Moira wonders if the Great War egg collection did something similar.

"The eggs, of course, were good for the wounded soldiers – the Prime Minister, Lloyd George, declaring in 1917 that ‘There is no substitute for eggs in maintaining a man’s vitality, hastening his convalescence or even in preserving life’ – but how did gathering eggs as a community help the teachers, the children (who were particularly encouraged to take part) and their neighbours?

"Did they feel more connected to each other and to the soldiers away from home – some of whom, of course, would never come back?

"The eggs would have brought with them a sense of connectedness between the people who sent them and the men who ate them. I think, in a small way, that The Logie 100 does that too, and gives a sense of what our community needed at a time of crisis."

The final few copies of the Logie 100 are available for £8 at the Art Gallery at Logie Steading or from the school.

The hens presently at Logie came from Nick Rodway, a great friend of Logie Primary, who died recently.

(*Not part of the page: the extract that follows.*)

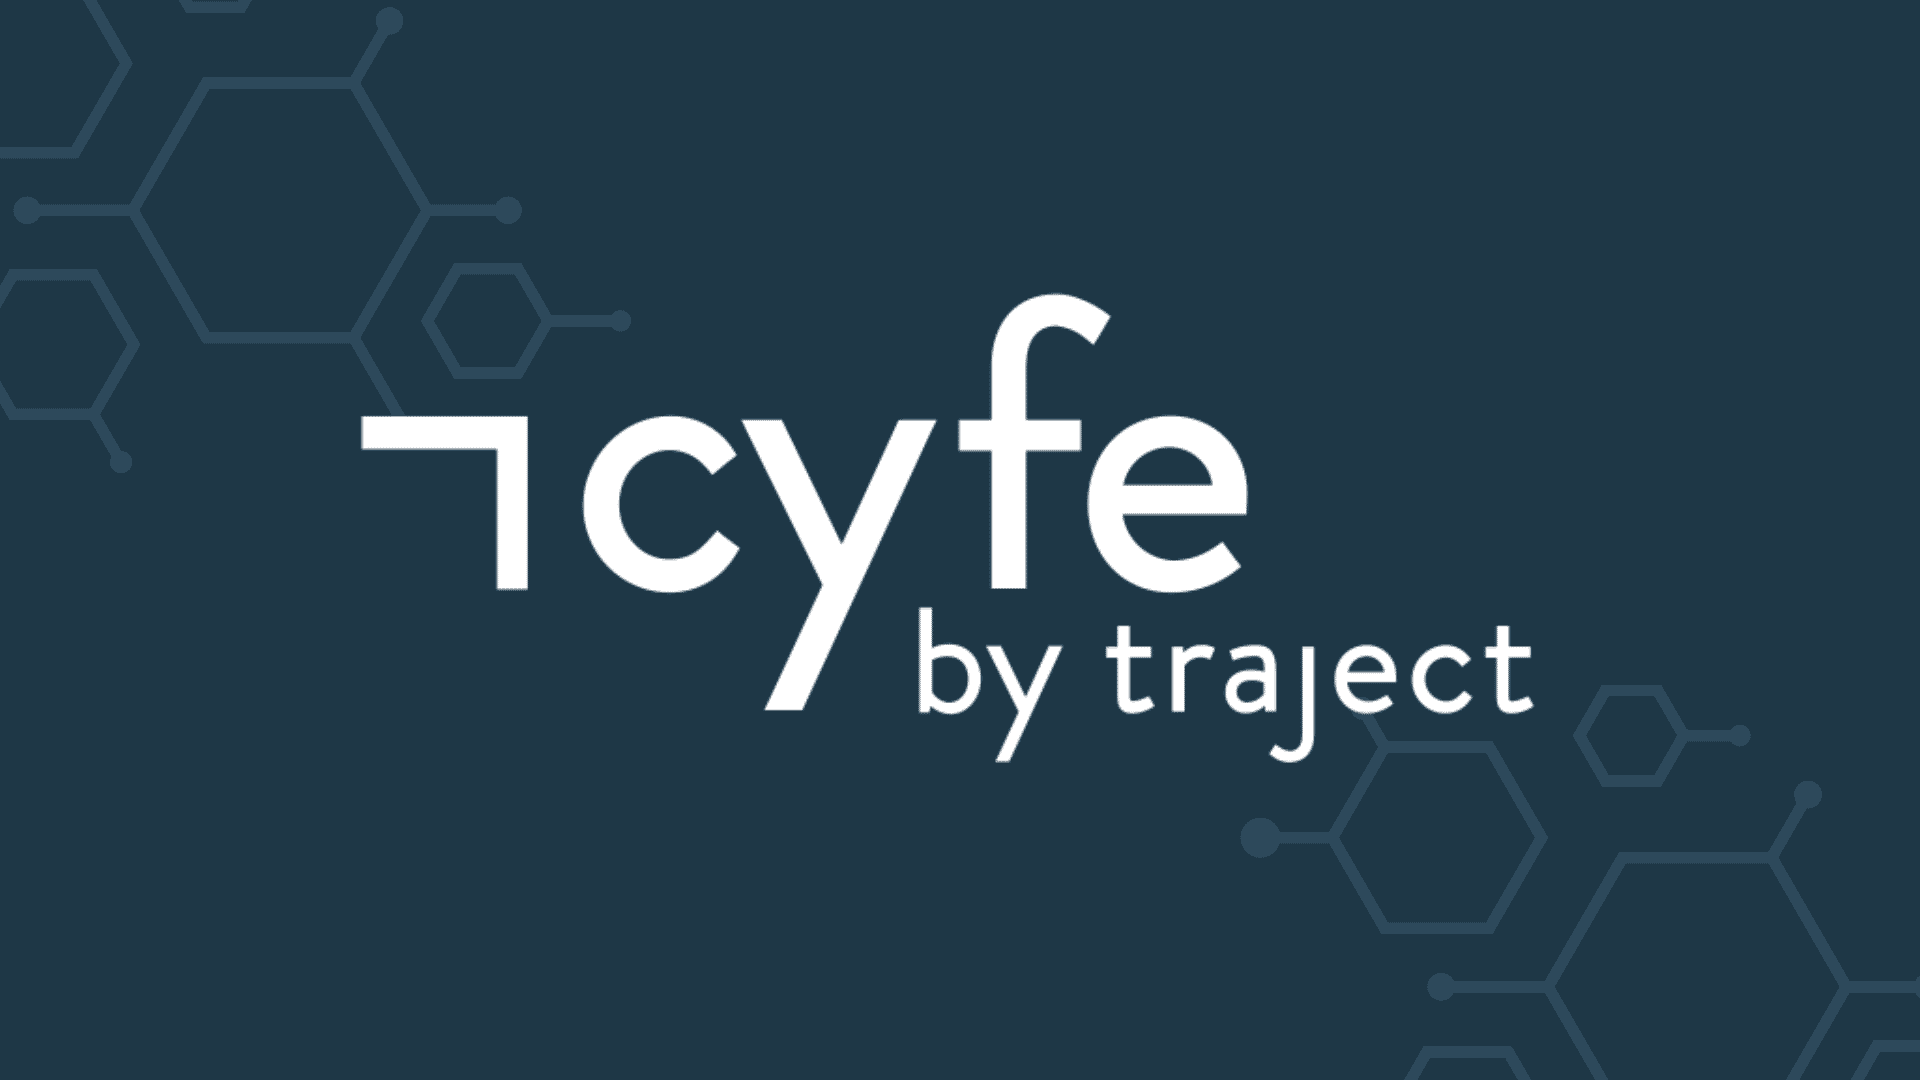 Cyfe Logo

His daughter Hannah is a teacher at the school and wife Pam has a close affinity with the school too.

Ross Hunter (11), said: "It was pretty cool, to be honest (finding certificate) – I didn’t know that Logie Primary pupils had done that. And it made me think about how scary it must have been for them, to live at a time when we were in a war.’

Ami-Leigh Shevill (7) added: "I thought, how old is that paper? How has it lasted so long? I think it must have been a big honour for the children to receive the certificate."

Ross and Ami-Leigh were pleased to be involved with the cookbook.

Ami-Leigh said: "The cookbook showed that people can work together really well – and can make friends with people they weren’t friends with before.’

And Ross said: "I was really proud and surprised to see myself in the cookbook. And I made the recipe bigger, so it would feed more people. It was something I had cooked before but never written down."